Our time with the children can be uncomfortable sometimes. There are times when they just don’t know what to say to us. They just sit with us in silence. Most of the time, we, the adults, fill this empty space with questions. They are always the same questions. Where do you live? What do your parents do? How long have you been in the streets? Don’t you miss your family? etc. At one point, we convinced ourselves that these questions are essential in building our relationship with them. In reality, most of the children and teens with whom we have a strong relationship have never said anything about their past. Most of my good friends here do not know anything about my life in Singapore and yet this lack of information does hinder us from having a good relationship. Knowing something about someone’s past is just information. We think getting information is the same as knowing someone. It is just like thinking that living in a noisy house is living in a happy home. It is just noisy and nothing more. We ask questions to avoid the awkward silence. We are afraid of it as well. It makes feel inadequate. It makes us confront our true selves. We prefer noise. Noise helps us avoid the real issues about ourselves.

We decided to sit near the children and color in silence. I told the team that we are not going to ask questions anymore. We don’t have to interrogate anyone about their past. It is not natural. Friends don’t bombard each other with questions that probe into their past. Friends recognize the privacy of one’s personal life. We are not psychiatrists nor social workers. We don’t need to know about their past unless they want to share it with us. We have a different reason for being here.
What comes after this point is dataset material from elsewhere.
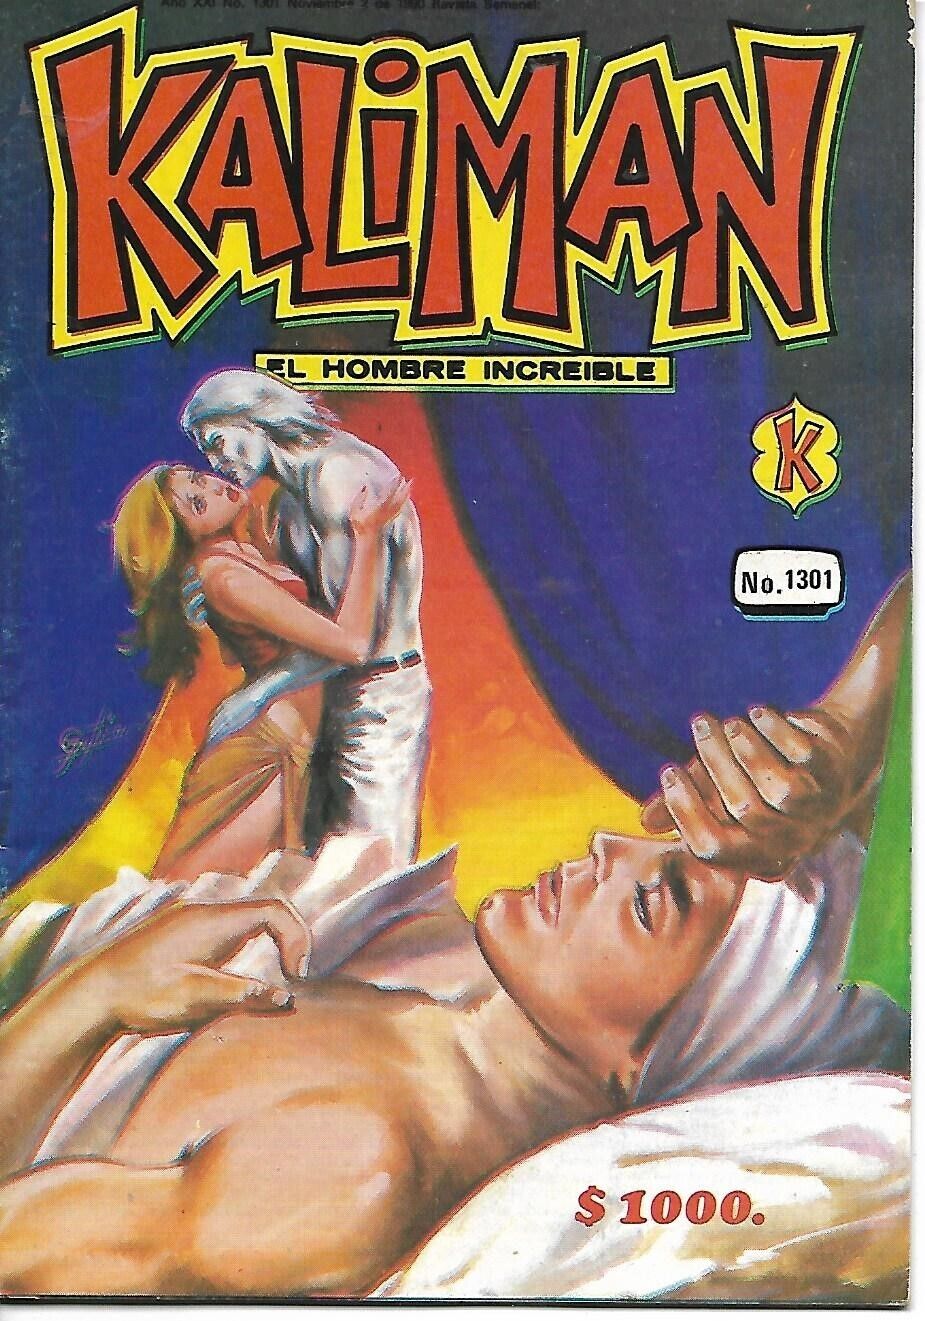 Kaliman El Hombre Increible #1301 - Noviembre 2, 1990

We want them to know and recognize the presence of God in their souls and around them. Our God speaks to us out of the silence. Therefore, we sat and waited in silence. As we did this, we communed with God in the innermost part of our being. We faced ourselves in the presence of God within us. It was not easy but it was not hard as well. It was different. Then Alan came and sat next to us. He was quiet and just watched us coloring. After a few minutes or so, he asked if I was choosing a certain color for the background. I told him that I wasn’t sure and then he asked how I decided on the colors. There was no answer to this question. I said that I did not know. It was fine not to know until the time comes. He understood and sat there and watched. Alan doesn’t usually speak to us. Today, he wanted to be just there and watch. He felt comfortable to sit and there and watch us. He was silent and we were silent. We were comfortable. We felt peaceful and then some of children came over and joined us and colored together in silence. It felt nice not to feel that we have to say something. It was nice to be there in the silence with each other and feel complete together even if it was for a moment.

I won’t say that words are not necessary. On the contrary, I would say that words are a gift. However, noises or empty words should not be confused with words that come forth from the silence. It is out of the silence that God spoke the life-giving words, “Let there be Light”. Then He gave us the gift of Sabbath which is a time of silent waiting to listen to the words of Life that comes from the Eternal Light that dwells in our souls.

São Paulo is a noisy city. God is teaching us to find a quiet place in the midst of this noise.